# "Massacre" Through Tenons



## SixPants (Jan 24, 2015)

I think we've all had enough of perfect joinery. As a newbie, I've decided to blaze a new path - "Massacre Joinery."










See example A: These expertly executed through tenons. Note how the "failure" of pieces to actually join creates zones for airflow. Do you know how hard it is to create those precise gaps? You don't.










See the massive chip out? Not me. I see strategic flex points. Things that don't bend break, right?










Note how the pieces join at a 80 degree angle? Strategic again. It would take extensive math to explain it and, frankly, you still wouldn't understand.

So please, sit back and be awestruck with not only my very first but arguable the most ideal through tenons you're ever going to witness. Forgive my lack of humility but it's quite obvious my skills are superior to everyone and anyone who has ever posted on the Internet. Ever.

If you would like a video tutorial on Massacre Joinery, it's coming. I'm in talks with a producer now.


----------



## lateralus819 (Mar 24, 2013)

Bravo sir. This is hilarious and gave me a good chuckle!

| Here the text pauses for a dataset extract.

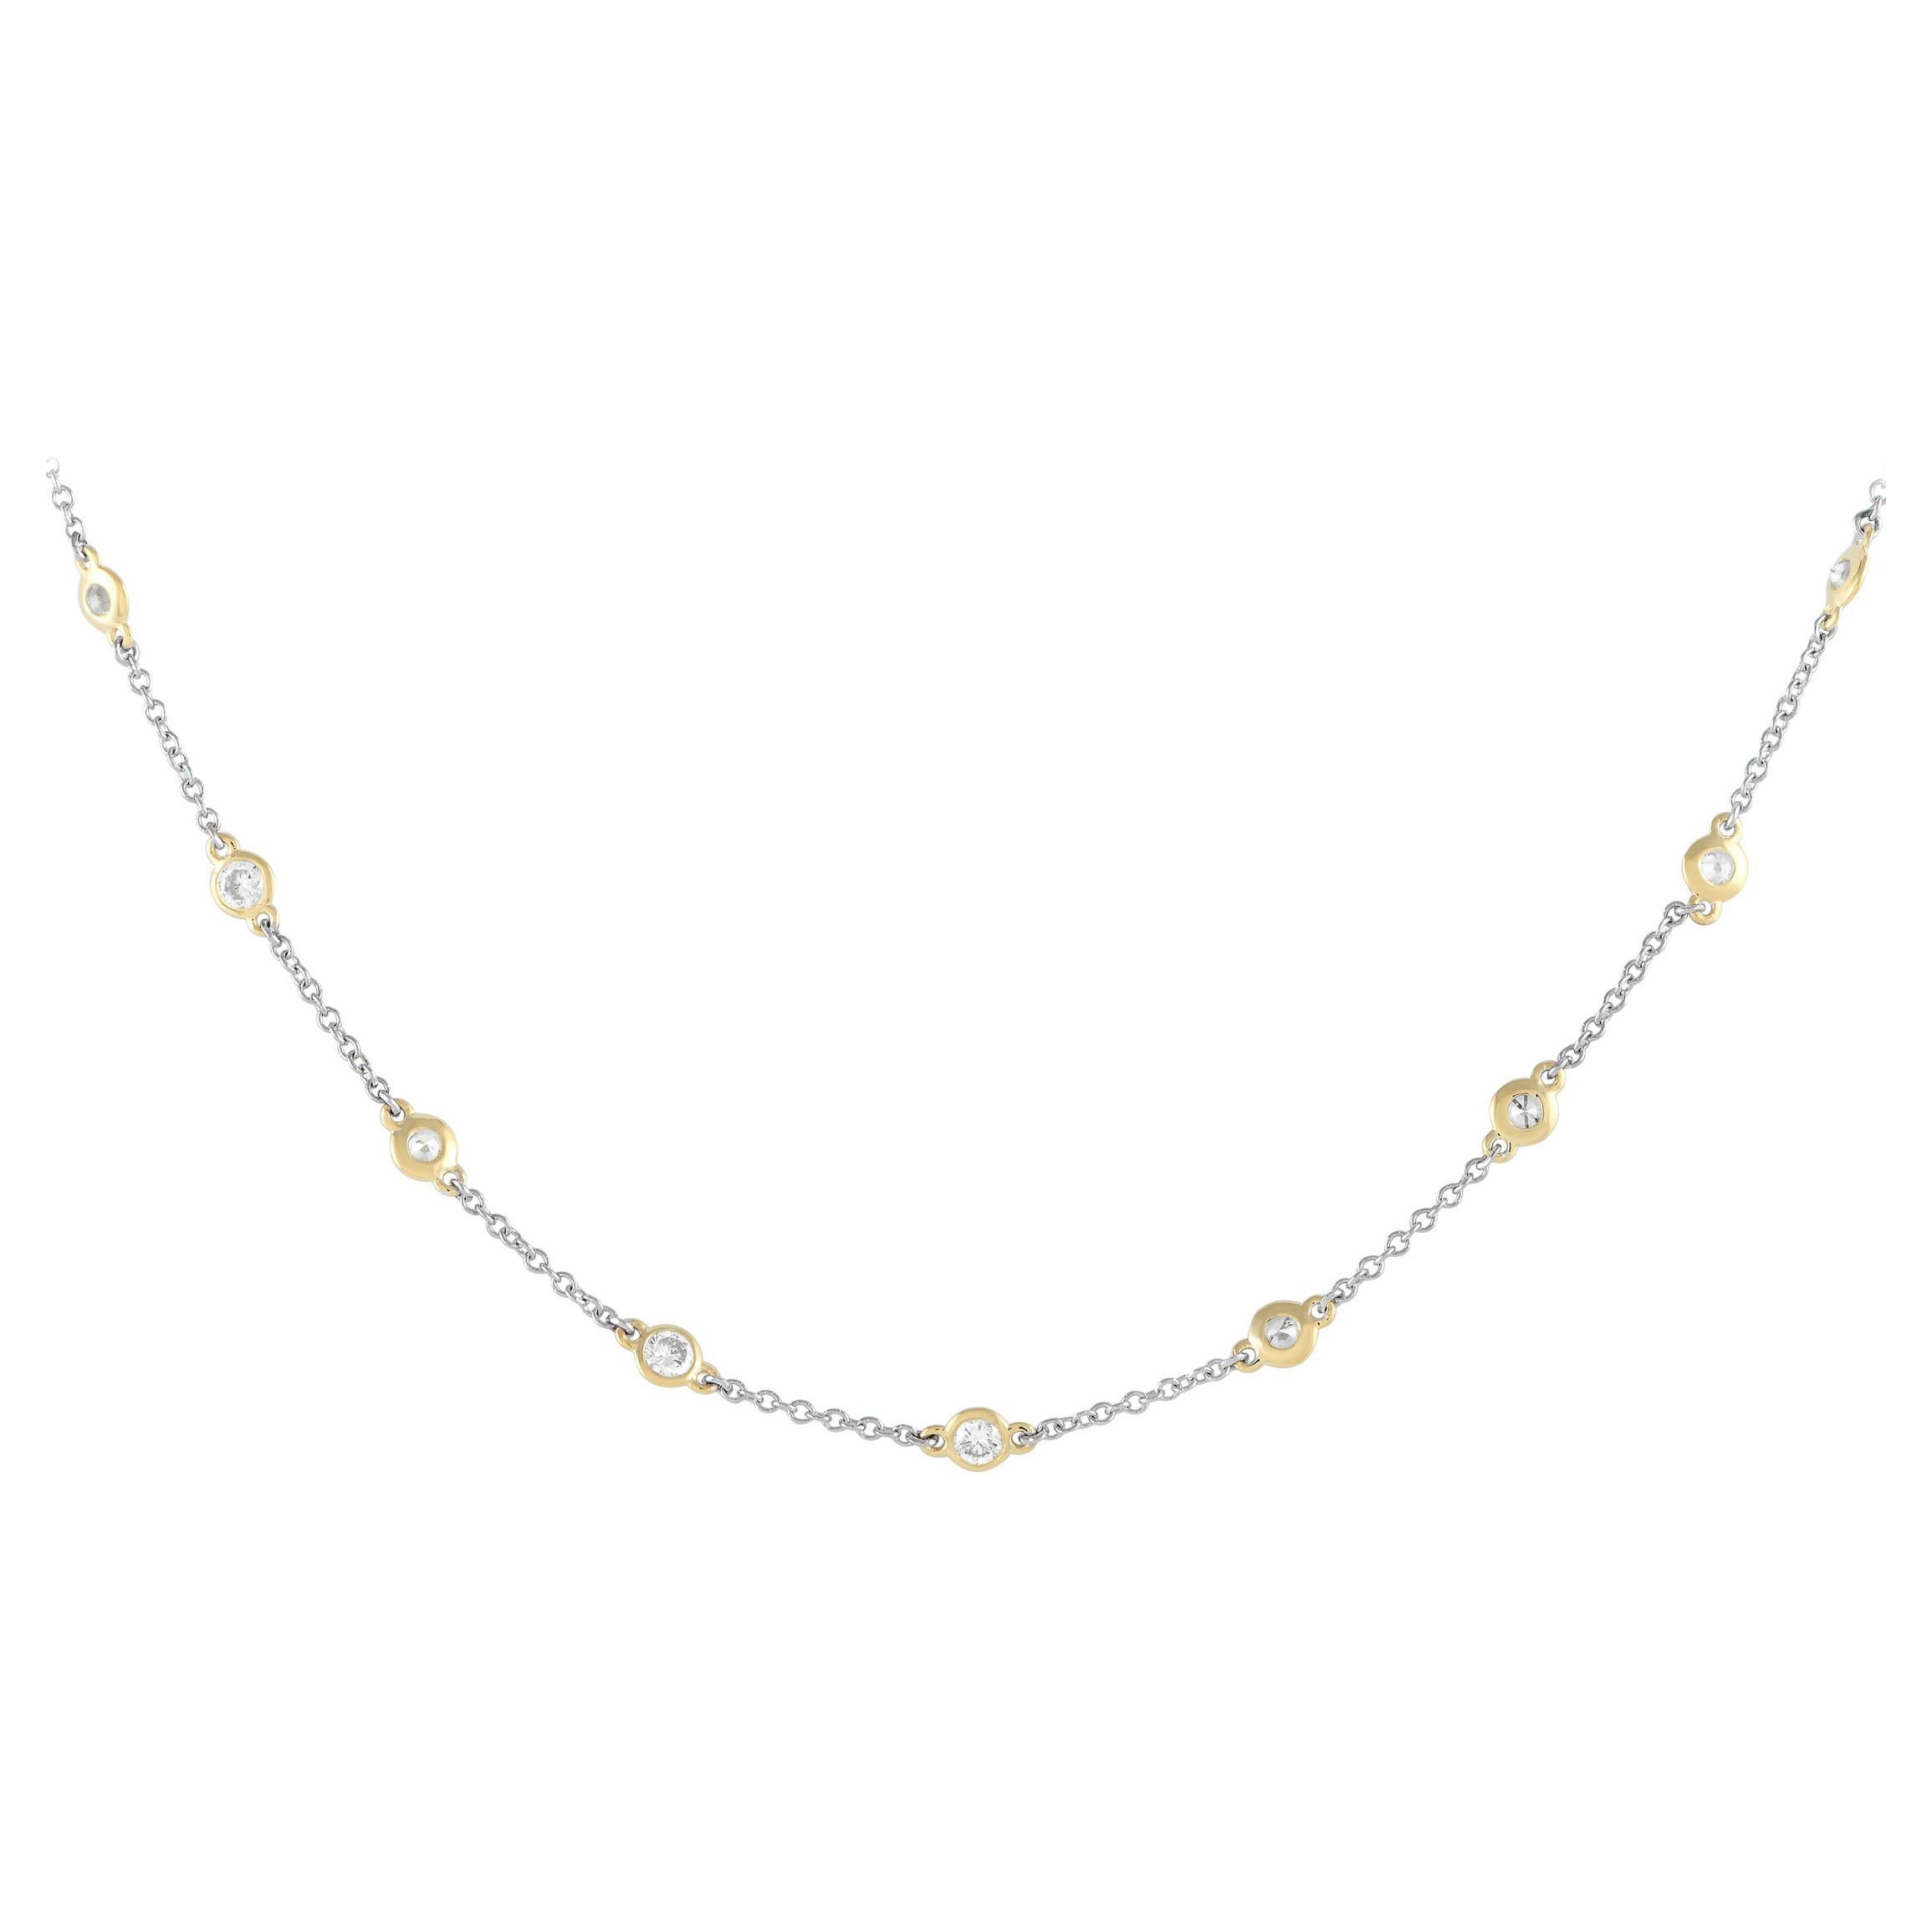 LB Exclusive 18K White and Rose Gold 1.56ct Diamond Station Necklace ...

The air flow zones are key! Not enough joinery allows for airflow.


----------



## vikingcape (Jan 3, 2013)

That was really funny! Thanks for the laugh


----------



## Buckethead (Apr 14, 2013)

That white pine is very difficult to achieve exposed joinery on. It's amazing how you executed these to your satisfaction.

I did a trial run on my first dovetails in white pine and I was not as pleased as you seem to be. I went to a big box store and bought a single piece of red oak which served my second attempt much better. Simply stated, the corners you create stay more intact when using hardwood.


----------



## NoThanks (Mar 19, 2014)

Dude, this is over the top.
You need to dull your tools a little bit, and get you some cheap plastic layout tools.
You keep posting this type of work and everybody will be too intimidated to post pictures of their projects.
Carry on, it's all downhill from here.


----------



## Ghidrah (Jan 20, 2015)

When I grow up I want to do it like that. Will you be giving classes?


----------



## gcsdad (Dec 28, 2014)

Nice. That's awesome. Gotta have a good sense of humor!


----------



## gfadvm (Jan 13, 2011)

Now, the challenge is to make exact duplicates!


----------



## ElChe (Sep 28, 2014)

You done good son. Send it to Fine Woodworking asap.


----------



## ChuckC (May 13, 2010)

My only critique to this otherwise pristine specimen would be that the angle should have been 78 degrees, not 80. What a newbie …


----------



## Randy_ATX (Sep 18, 2011)

Mind sharing the sketchup on this one?


----------



## j1212t (Dec 7, 2013)

> Note how the pieces join at a 80 degree angle? Strategic again. It would take extensive math to explain it and, frankly, you still wouldn t understand.
> - SixPants


That was freakin' hilarious, thanks for the great chuckle! And I agree as previously stated - replictaing the joint is what's going to be the key difficulty here.


----------



## SixPants (Jan 24, 2015)

I'm perplexed how this is perceived as amusing? It renders your thousands of hours of experience and thousands of dollars of tools utterly irrelevant. Seriously. Why do you try?

- - -

In seriousness, I thought I was being smart getting cheap wood to practice on. In my mind it's a little bench - cherry top and shoe shelf, maple elsewhere. Kinda of expensive stuff to learn on.

I love the pocket hole jig but really want to execute "proper" joiints. Hence this experiment.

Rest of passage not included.